Two Syrian children dig graves to survive in Idlib

They should be in school, but like thousands of other children in the war-torn Syrian province of Idlib, brothers Jawad and Yazan are forced to work every day to support their family. 

This is no regular job, however. The two boys, aged eight and 15, are gravediggers in one of the deadliest places on earth. 

“I help my father when someone comes needing to bury someone, so we dig the grave with him then we fill it with earth, clean it and everything. We water the trees and flowers and everything that dad asks us to do,” says Jawad, the youngest of the two. 

“I am not afraid of working here because they are dead, may God have mercy on their souls and our souls too,” he adds, in an interview conducted by Save the Children. 

The boys work with their father Ghassan in the graveyard, on the outskirts of Idlib. More than 500 people have been killed over the last two months in a Russian and Assad regime-led assault on the last opposition-held province including 130 children. 

Airstrikes have emptied towns and villages in the province. Many schools have been damaged by fighting or are being used as shelters. Those that remain open and functional can only accommodate up to 300,000 of the 650,000 school-age children, according to the charity.

The family are among more than a million people displaced from other parts of the country to Idlib. Ghassan and his family are originally from Aleppo province. They fled before the regime’s offensive to capture the city, during which their house was destroyed. Now they live in rented accommodation.  

Despite their young ages, the boys have already witnessed so much. The family lived under ISIS rule for a short time, a period that still haunts the boys. 

“During the war we started to see bodies hanging at squares, some with their heads chopped off. another woman who was killed by stoning, and a man who was thrown off the building. This is how life has become, disaster,” says Yazan.

“The hardest thing is seeing the bodies on the ground, the faces of the innocent, dead people, to see a man chopped up to pieces, carried away in sacks. This is the hardest thing we witnessed,” he adds.

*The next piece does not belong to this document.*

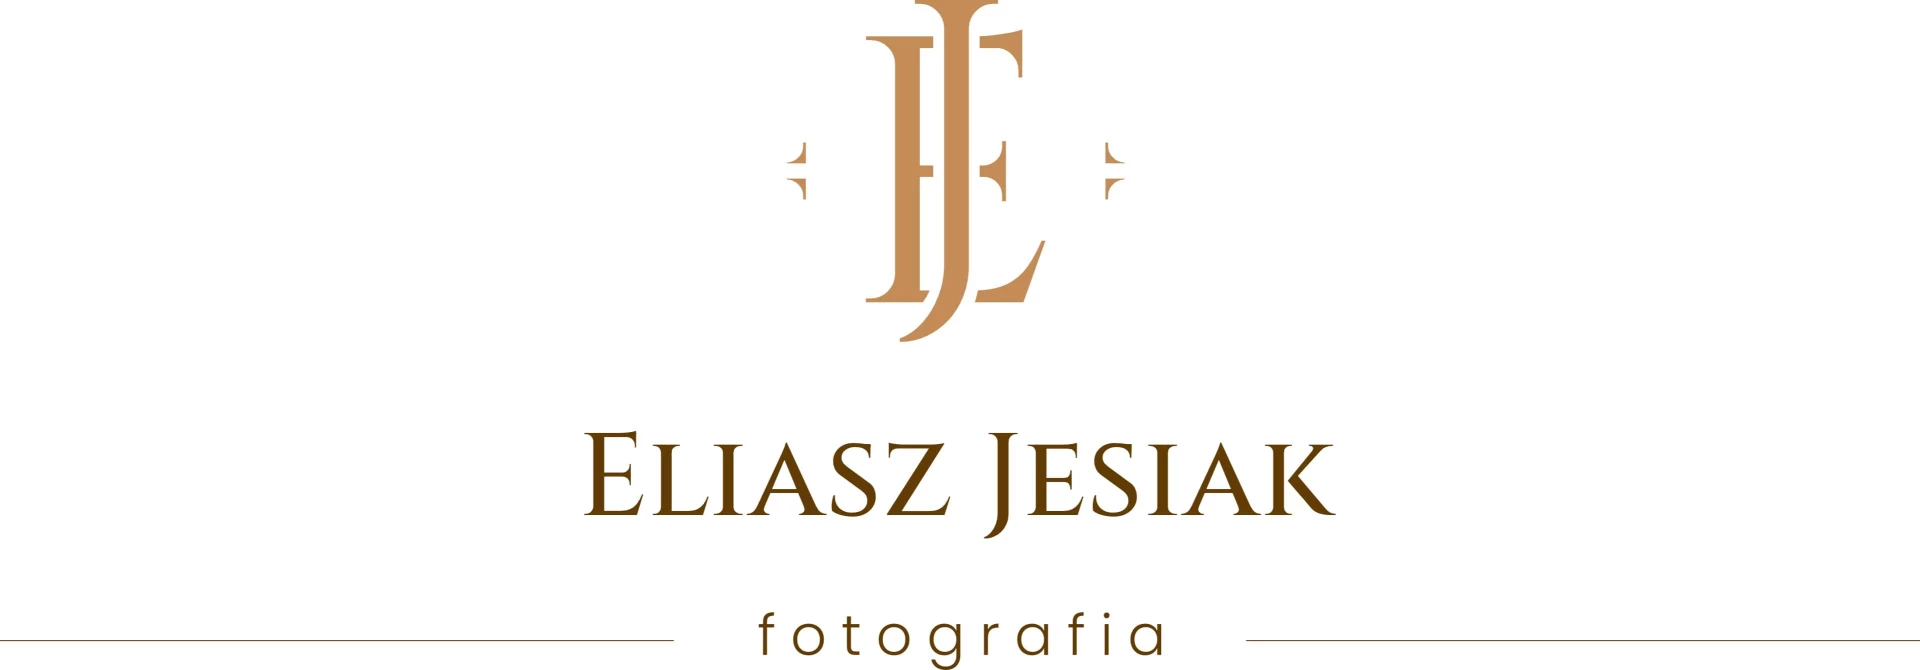 portfolio zdjecia znany fotograf eliasz-jesiak

The work is difficult and dull. They earn a little money from people who visit the graves, but it is hardly enough. 

“I don’t play with anything here. I just sit with my father, and if someone comes to the graves, I fill water for him and help. If no one came or if they don’t give us money, we ask if they would give us a tip, if they did not , how would we live?”

Ghassan would like to send his sons to school, but he has six children to look after. He cannot afford the clothes and supplies they need. 

“Our situation cannot allow for schools or the like,” he says. “If today he wants the money for a notebook, I’d say to him that I don’t have it. Where could I get money from? There are younger siblings who need to eat and drink, water.” 

“It is a shame for them to work in this sun, they come with me from 6am till 7-8pm. The poor children, they did nothing wrong.”